Выбрать главу

И все же она дунула раз-два! И все же она боялась мюршида, своего наставника, даже мертвого. И в гробу мюршид Абдул-ар-Раззак был страшен.

С утра вождь джемшидов учинил вопль и крик:

— Что делать льву, когда нет глаз?!

Это было нелогично, но вождь сокрушался по поводу того, что мюршид, как он выразился, «погасил пламя своего светильника». Вождь не захотел напоминать, что именно он сам «задул» его.

Мюршид, оказывается, был и глазами джемшидов — а у тигра глаза бесстыжие, — и чуткими ушами, и звездой путеводной, и наставником, и советчиком. Даже воздух здешних степей сделался со смертью мюршида зловонным и душным, и теперь кочевью надлежало перейти в другое место. А из-за сборов вождь никак не мог собраться с мыслями и дать ответ Мансурову.

Вождь считал, что внука нельзя отпустить: в Москве он заболеет, и воспитают его женщиной, и голодать ему придется, и одеваться не во что. Все перемешалось в голове джемшида — и нежная привязанность, и коранические суры, и престиж! Как же отпускать наследника! Ведь он сам, великий джемшид, лишится места вождя и пойдет с тыквяной миской в Мекку к священному камню каабы. Великий воин должен посочувствовать, помочь, оставить мальчика в шатре, не забирать его.

— Если человек будет услужлив, — стонал вождь, катаясь на подушках и не выпуская внука из объятий, — и будет угождать, счастье увеличится и дела его будут удачны! Не отбирай внука! Ты хороший зятек! Дочку возьми с собой. Она нарожает тебе еще дюжину мальчишек. А у меня он один мой Рустем, мой Джемшид, мой Ялангтуш!

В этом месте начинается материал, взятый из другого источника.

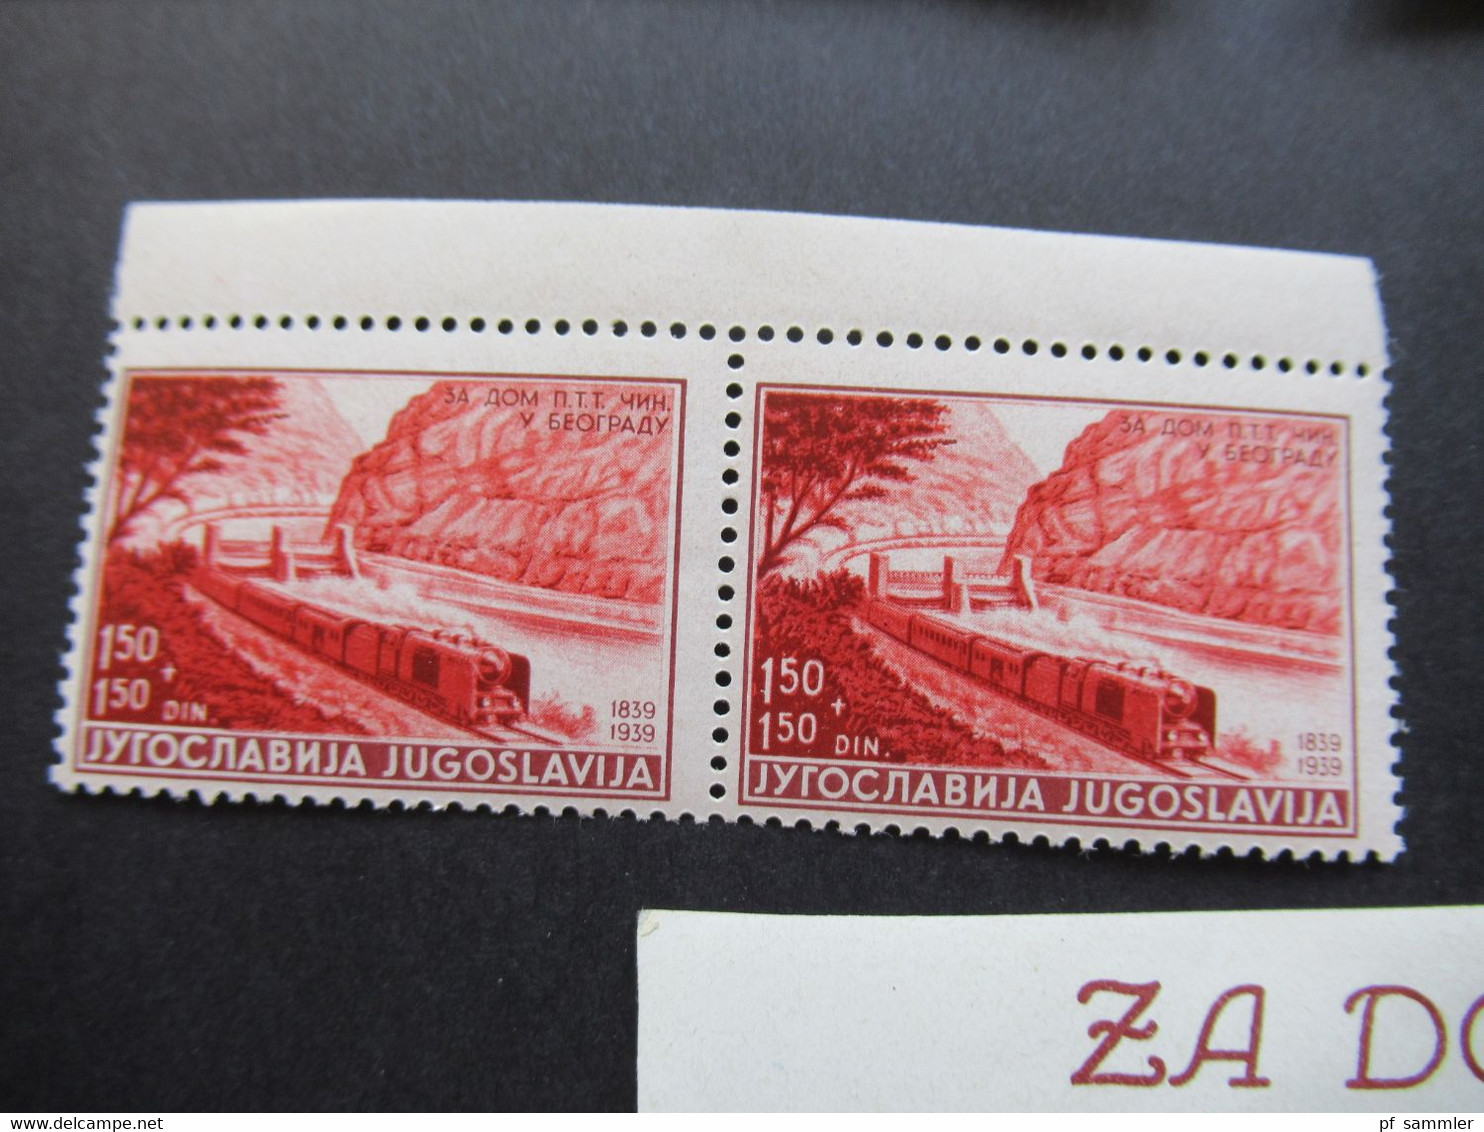 Jugoslawien 1939 Errichtung eines Heimes für Post u. Telegraphenbeamte Nr. 370 / 374 als Paare / Randstücke

От нетерпения и досады на новую задержку Мансуров перешел от уговоров к требованиям. Он понимал, что так нельзя говорить, но уже не мог сдержаться. У косяка дверей черной статуей замерла, завернувшись в траурное искабэ, Шагаретт. Она еще не сказала ни слова. Но мрачный взгляд ее горел потаенными мыслями, опасными решениями. У подножия возвышения, на котором неистовствовал великий вождь, вертелся толстый визирь и давал советы, хотя всячески старался держаться подальше от посоха вождя:

— Глупец сильнее всех в трудных обстоятельствах. Позвольте мне, глупцу, дать совет. В беде сгибай шею!

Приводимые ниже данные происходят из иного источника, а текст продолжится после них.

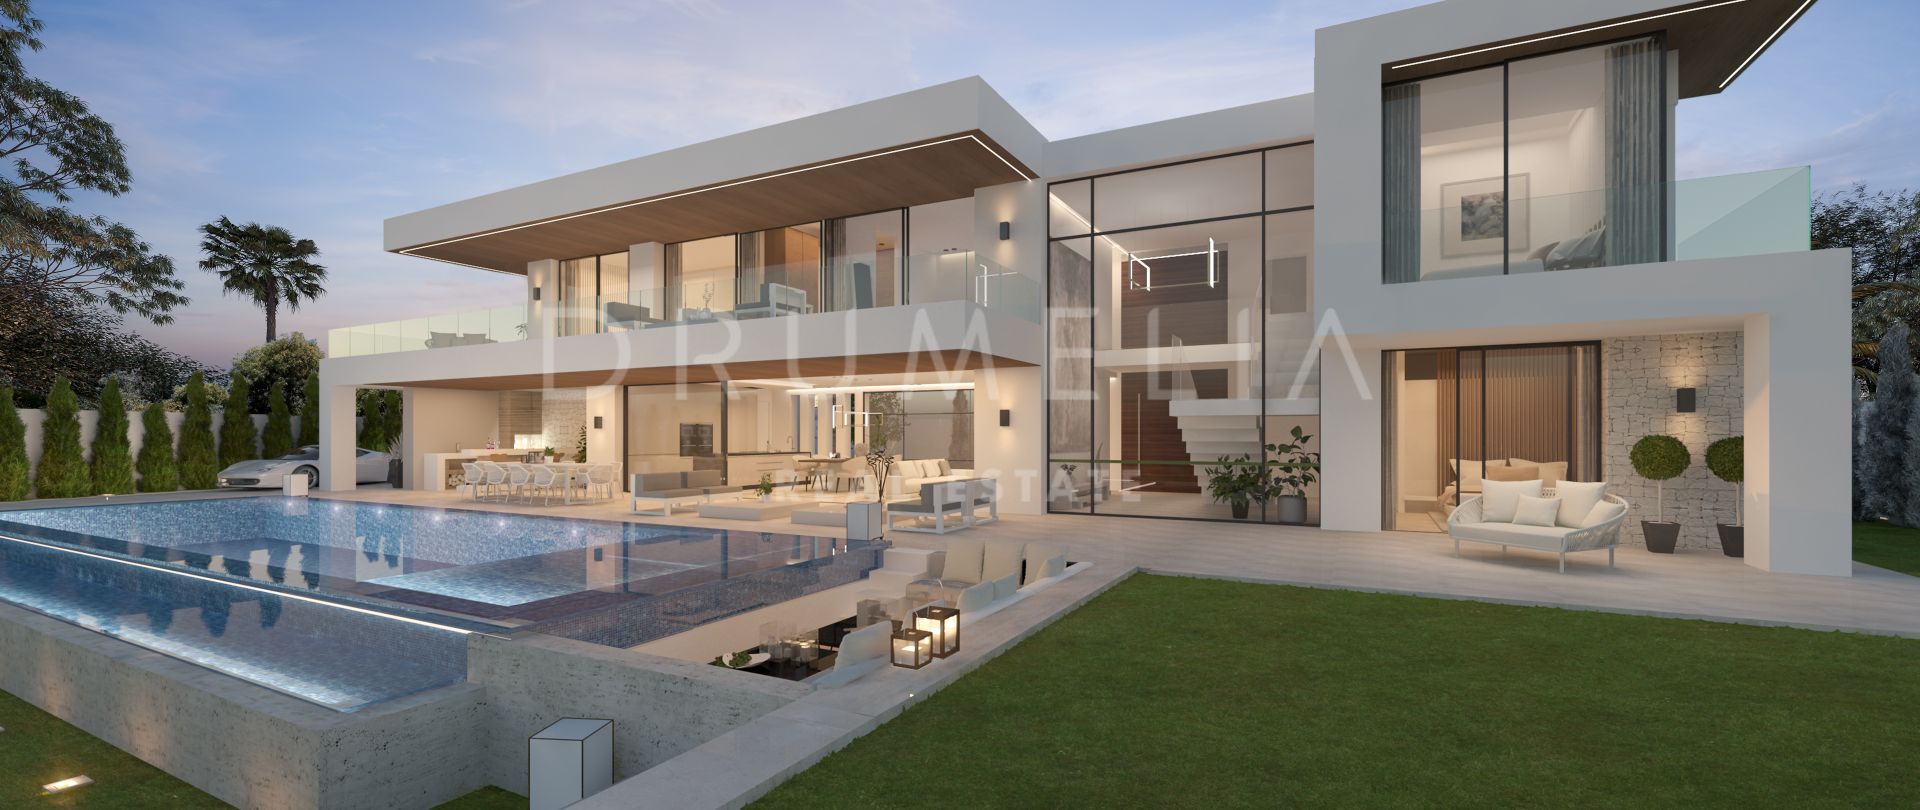 Schöne moderne Villa in der Nähe des Strandes und des Golfplatzes in Guadalmina Baja

Он отскакивал при малейшем движении вождя и дурашливо хихикал. Всем видом своим он показывал: «Считайте меня визирем, а если хотите, то и маскарабозом, шутом». Никто его не слушал. Мансуров просто оттолкнул его.

Мансуров держался твердо, решительно. Вопрос об отъезде был наконец решен, и решен по-восточному. Вождь уступил своего внука за весьма приличную сумму. Уступил и дочь свою Шагаретт. Алексей Иванович заплатил за нее жене вождя и родной матери молодой женщины «цену молока». Договор еще на рассвете скрепили подписями и печатями старейшины племени джемшидов.

— Мирно, тихо, благородно, — сказал Аббас Кули. — Закрывает хлев ослиный даже тот, кто дружит с ворами. Все. Можно ехать.

Но уехать так просто не удалось. Великий вождь опять впал в истерику. Каменным изваянием застыла у двери безмолвная Шагаретт. Попискивал крутящийся под ногами визирь.

Вдруг вопли, крик, писк смолкли. Истерика неправдоподобно спокойно стихла. Да вроде и не было ее.

Обнимая внука за плечи, джемшид поднялся и сделал шаг к Мансурову.

— Мюршид! Великий, святой мюршид! Глаза и уши джемшидов. Его совет! Нужен его совет! Едем к мюршиду.

— Он мертв, ваш мюршид, — с отвращением сказал Мансуров.

— Он даст совет из могилы. Едем в Турбети Шейх Джам.

Вот оно затаенное, что слышалось в комедийных истерических кривляниях великого вождя, в мерцании мрачного огня глаз Шагаретт, в идиотском лепете визиря-толстяка! Как тут не заподозрить ловушку, какую — неясно, но опасную, скверную ловушку, на какую только способен прожженный интриган — вождь племени.

Но другого выхода не оставалось.

— Едем. Товарищ Алиев, заводите машину! У вас в Азербайджане говорят: «Запоздаешь — пропадешь».

Вождь на мгновение остолбенел. Он не ждал такого быстрого согласия.

А Шагаретт рванулась вперед, но сразу же остановилась, не зная к кому податься — к сыну ли, к мужу. Еще секунду, и она скажет… слова предостережения. Но молодая женщина вдруг прижала ладонь к приоткрытому рту и тихо застонала.

Значит, поездка задумана раньше. Значит, поездка представляет собой опасность.